Input data:
..........
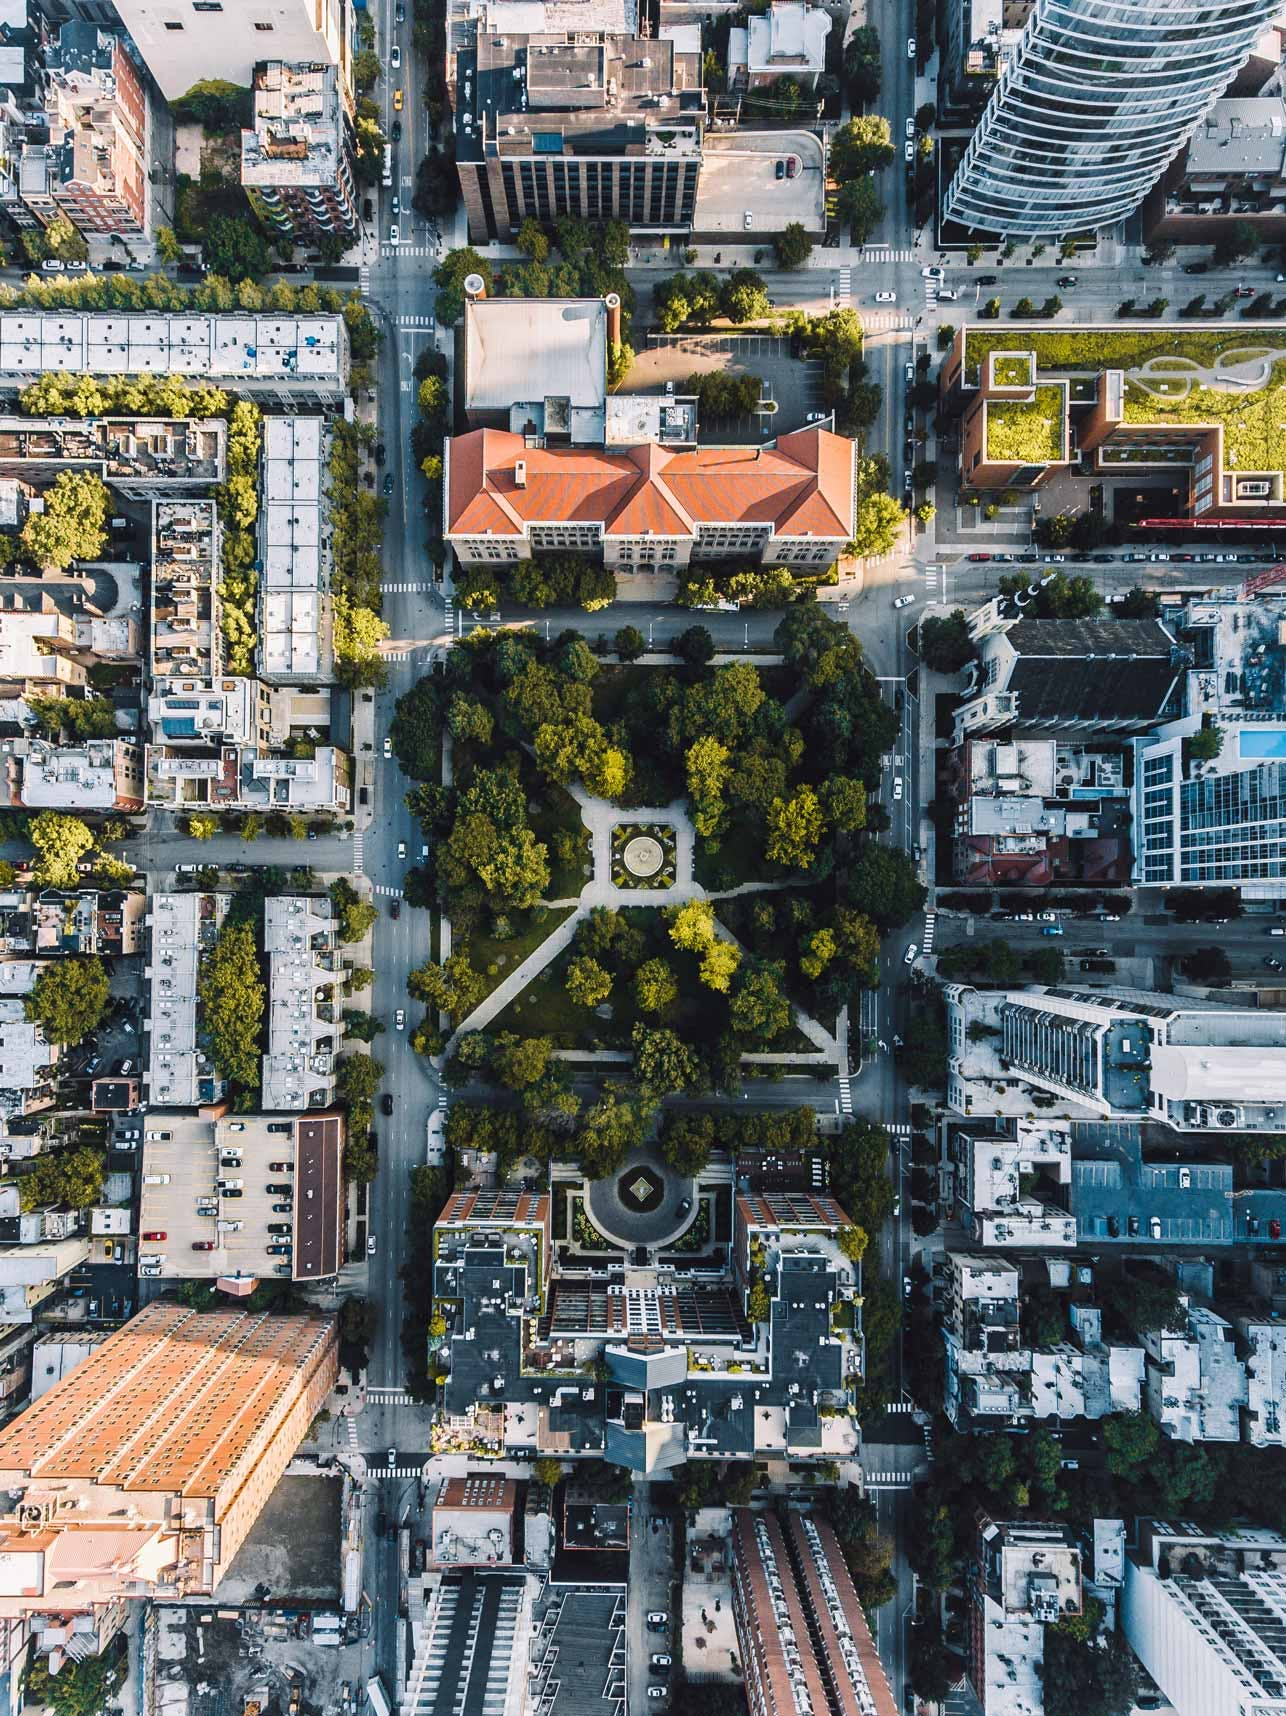 Washington Park Look Down
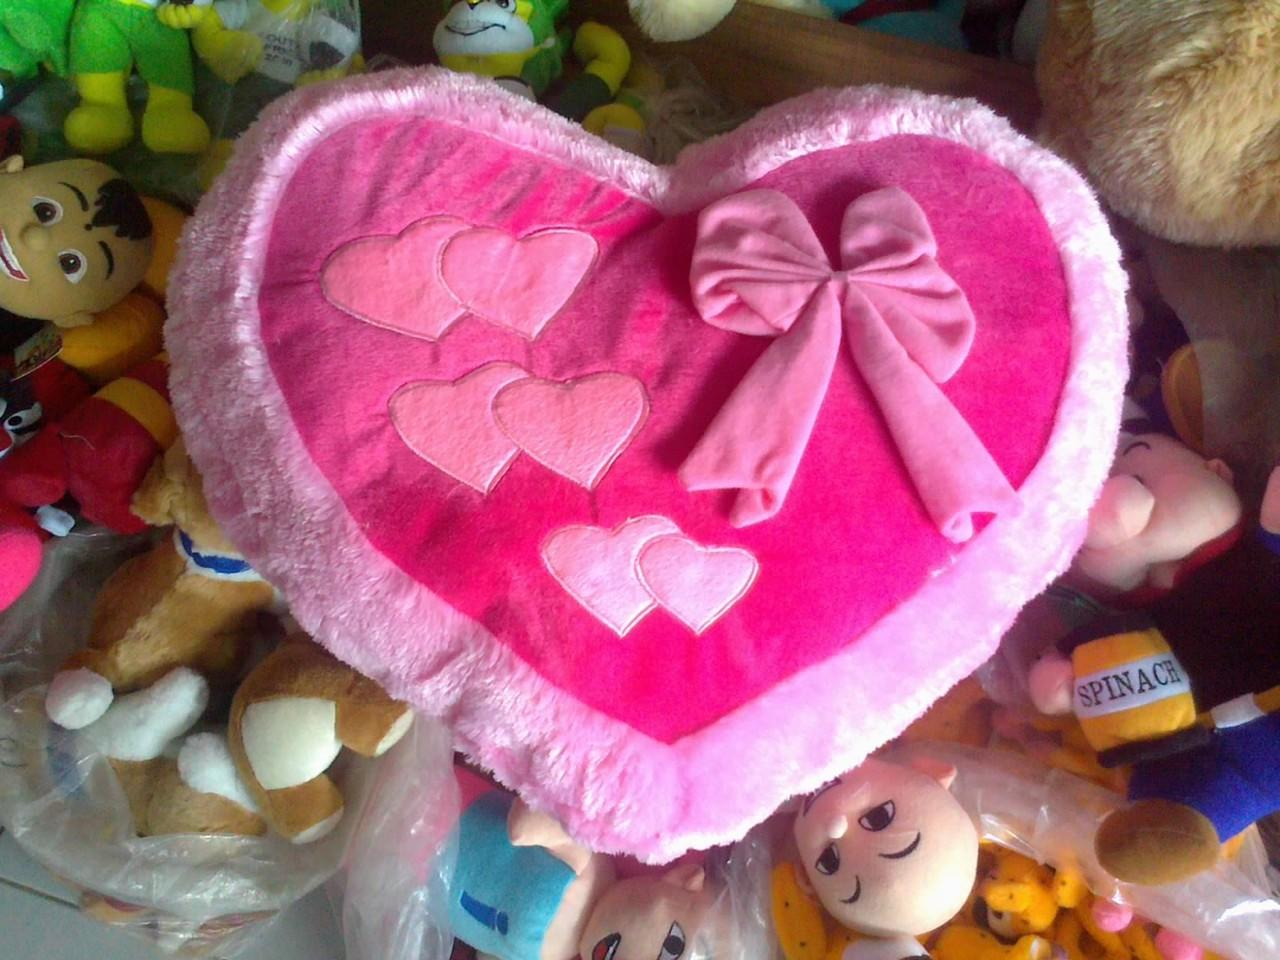 Boneka Murah kualitas teratas harga kaki lima berminat hubungi (08999483381)
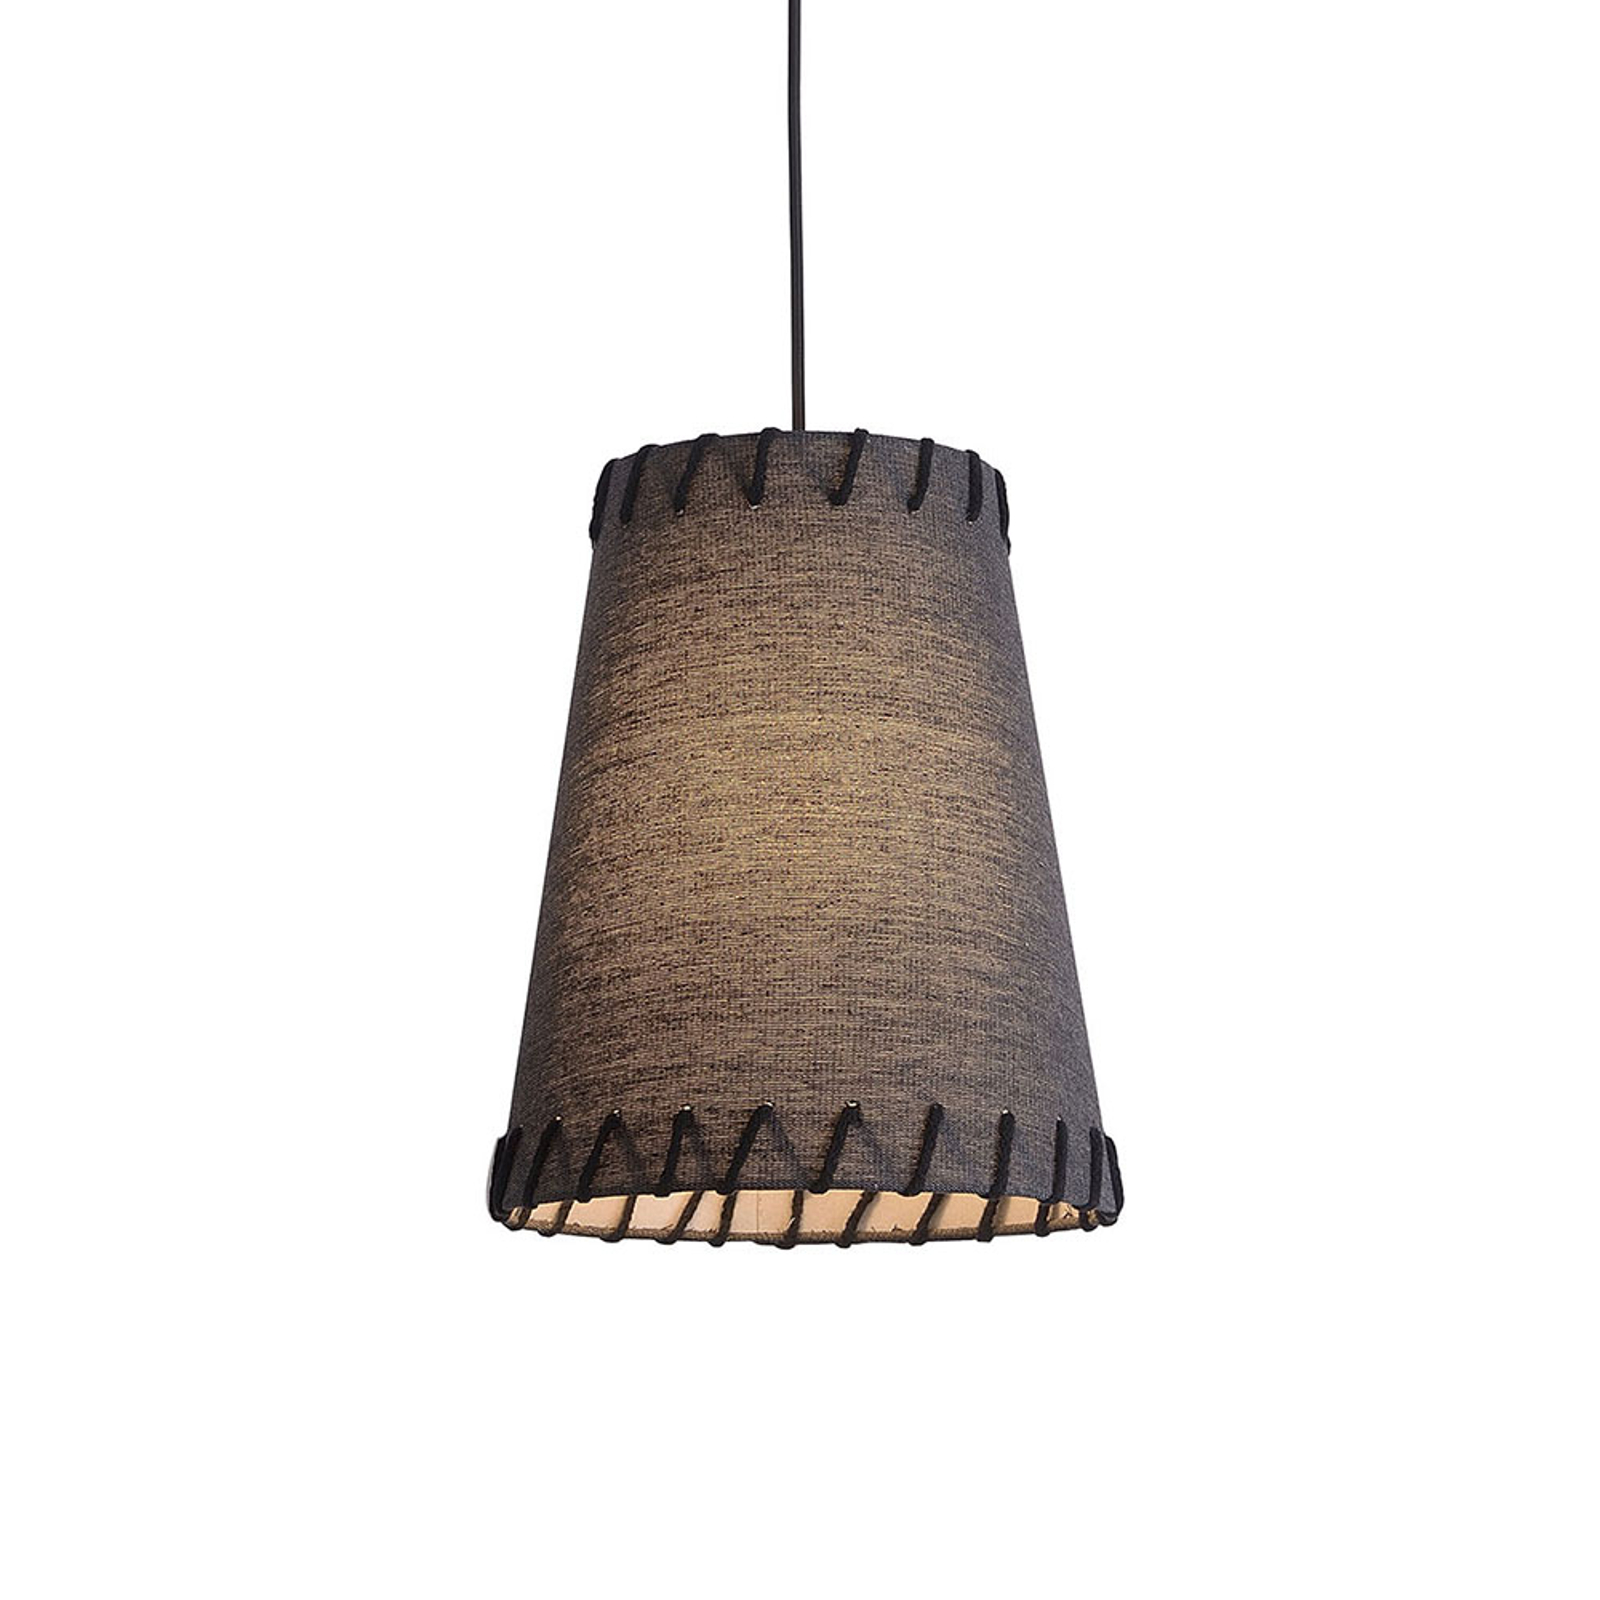 Lampa wisząca Timor, tkanina, czarna
..........
Your goal:
Leave the pictures out and copy the rest of the data exactly.

Answer to this exercise:
 Washington Park Look Down
 Boneka Murah kualitas teratas harga kaki lima berminat hubungi (08999483381)
 Lampa wisząca Timor, tkanina, czarna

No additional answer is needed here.